Computational and Mathematical Methods in Medicine

Computational and Mathematical Methods in Medicine / 2016 / Article

Research Article | Open Access

Volume 2016 |Article ID 4360371 |

Silvano Gnesin, Paulo Leite Ferreira, Jerome Malterre, Priscille Laub, John O. Prior, Francis R. Verdun, "Phantom Validation of Tc-99m Absolute Quantification in a SPECT/CT Commercial Device", Computational and Mathematical Methods in Medicine, vol. 2016, Article ID 4360371, 6 pages, 2016.

Phantom Validation of Tc-99m Absolute Quantification in a SPECT/CT Commercial Device

Academic Editor: Hiro Yoshida
Received30 Aug 2016
Revised07 Nov 2016
Accepted21 Nov 2016
Published14 Dec 2016


Aim. Similar to PET, absolute quantitative imaging is becoming available in commercial SPECT/CT devices. This study’s goal was to assess quantitative accuracy of activity recovery as a function of image reconstruction parameters and count statistics in a variety of phantoms. Materials and Methods. We performed quantitative -SPECT/CT acquisitions (Siemens Symbia Intevo, Erlangen, Germany) of a uniform cylindrical, NEMA/IEC, and an anthropomorphic abdominal phantom. Background activity concentrations tested ranged: 2–80 kBq/mL. SPECT acquisitions used 120 projections (20 s/projection). Reconstructions were performed with the proprietary iterative conjugate gradient algorithm. NEMA phantom reconstructions were obtained as a function of the iteration number (range: 4–48). Recovery coefficients, hot contrast, relative lung error (NEMA phantom), and image noise were assessed. Results. In all cases, absolute activity and activity concentration were measured within 10% of the expected value. Recovery coefficients and hot contrast in hot inserts did not vary appreciably with count statistics. RC converged at 16 iterations for insert size > 22 mm. Relative lung errors were comparable to PET levels indicating the efficient integration of attenuation and scatter corrections with adequate detector modeling. Conclusions. The tested device provided accurate activity recovery within 10% of correct values; these performances are comparable to current generation PET/CT systems.

1. Introduction

Positron emission tomography (PET) is currently considered the gold-standard modality for absolute quantification in emission tomography. In contrast, up to now, single photon emission computed tomography (SPECT) has been used mostly for qualitative and semiquantitative clinical investigations; by consequence the signal at the pixel level (in units of counts) is proportional to the number of measured events.

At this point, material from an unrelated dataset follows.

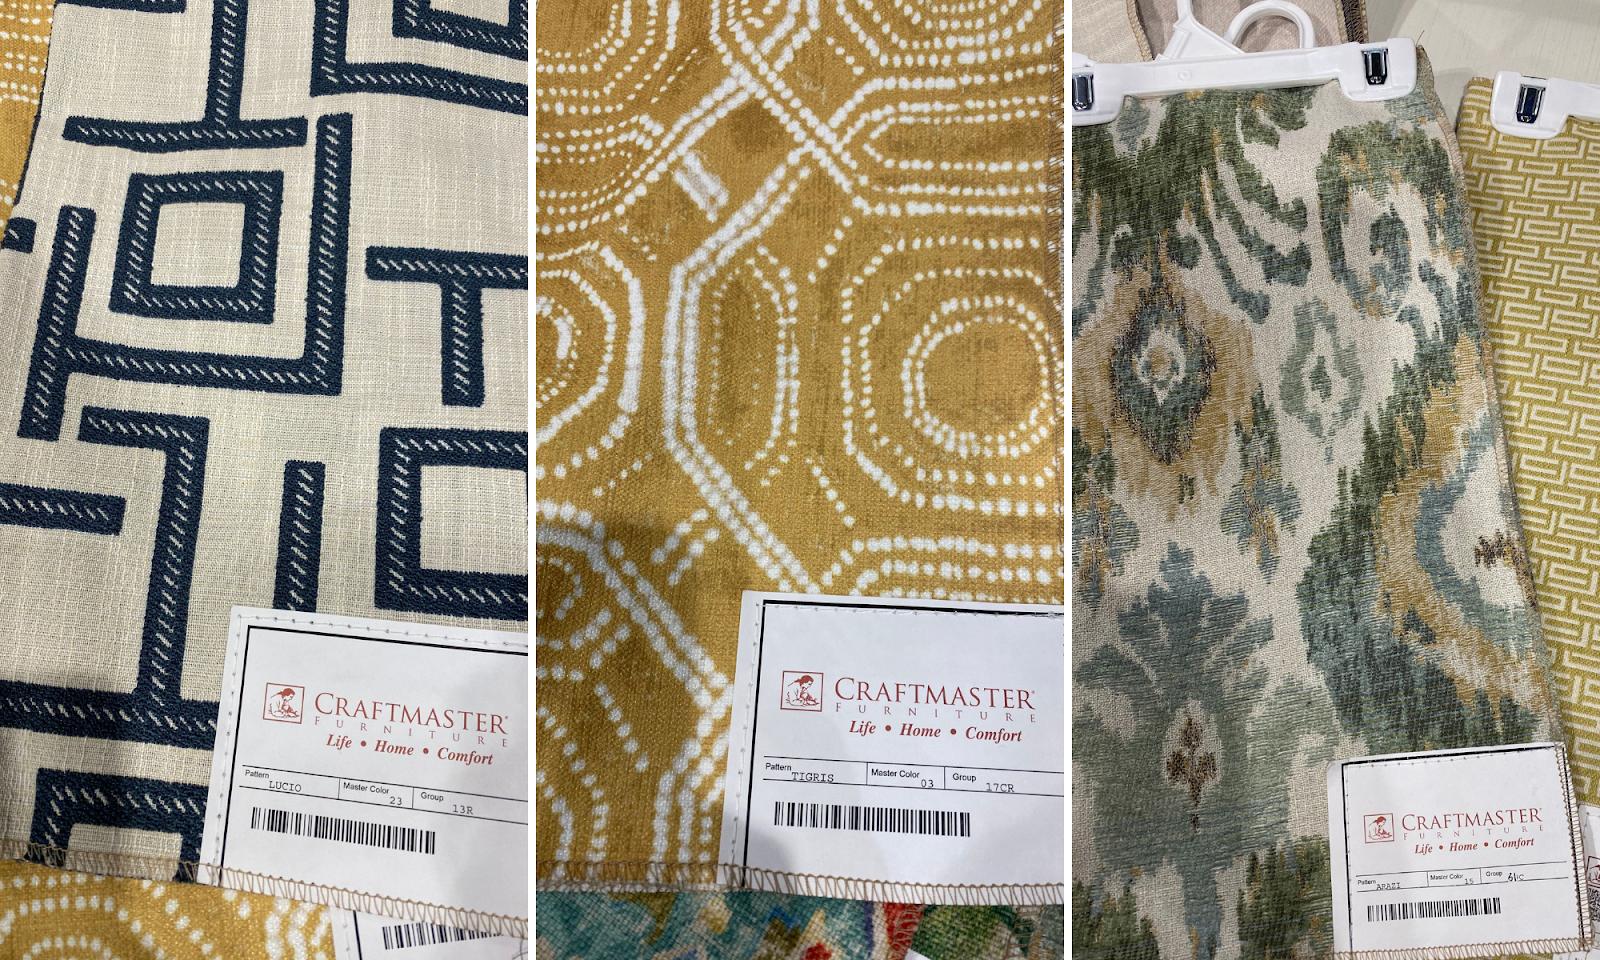 superior-construction-lebanon-tn-select-durable-fabrics-performance-fabrics-from-revolution-crypton-insideout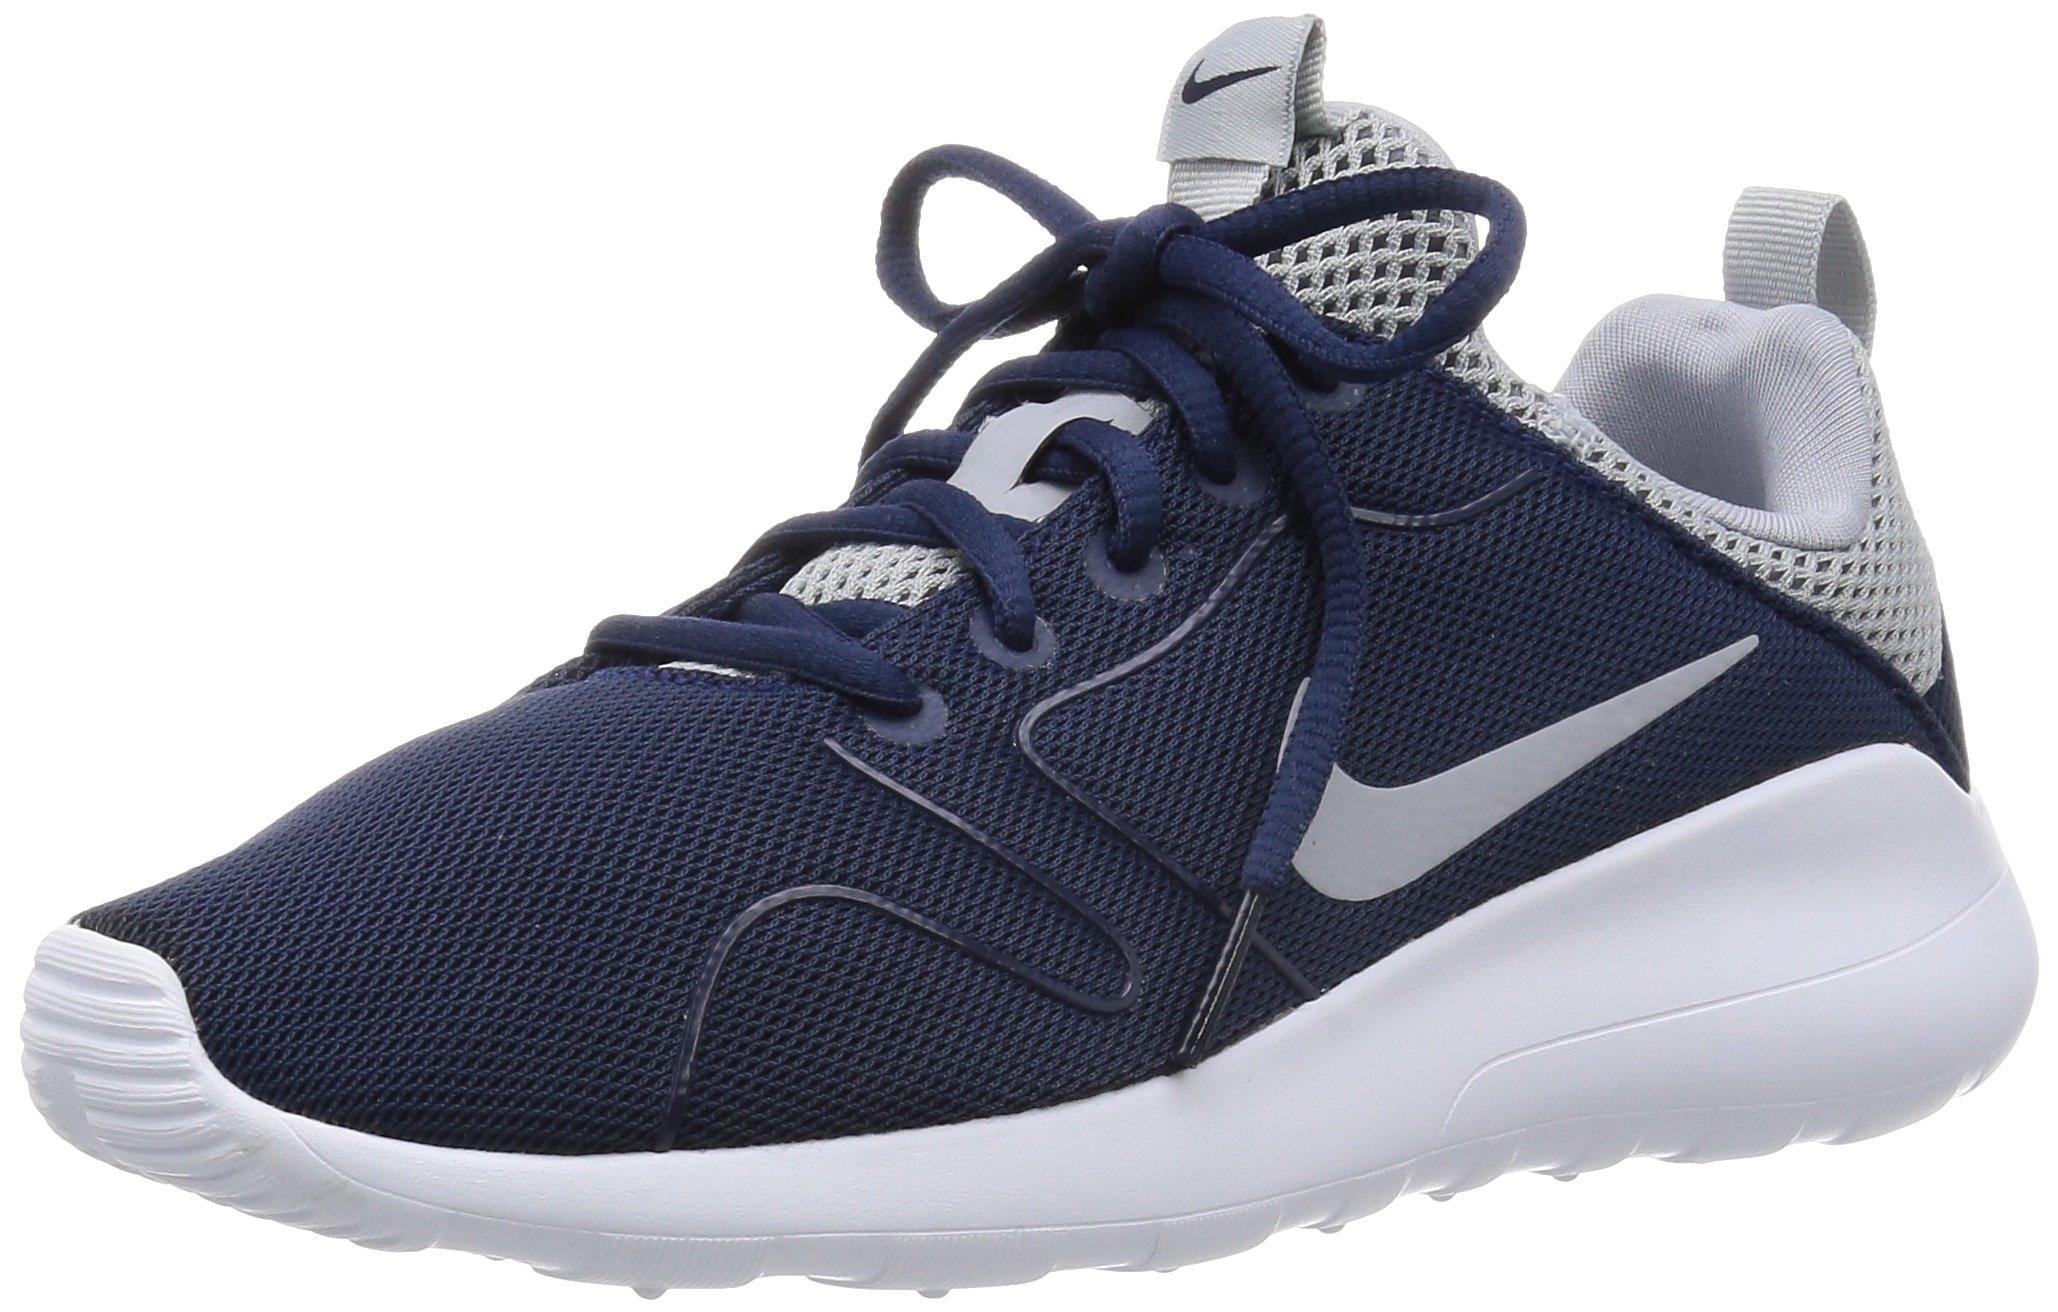 finest selection ab964 4e05e Galleon - Nike Men s Kaishi 2.0 Midnight Navy Wolf Grey-white Running Shoe  - 14 D(M) US

Compared to PET, SPECT suffers from inferior spatial resolution and sensitivity but enables metabolic studies with long half-life gamma emitter radioisotopes that are well-suited to match the underlying tracer metabolism and biodistribution of target processes over hours or days, in addition to its capability of simultaneous multi-isotope imaging [1].

Similar to PET, absolute quantitative imaging has recently become available in commercial SPECT/CT devices [2]. A list of potential uses of quantitative SPECT in a clinical setting has been described extensively in the publication by Bailey and Willowson [3].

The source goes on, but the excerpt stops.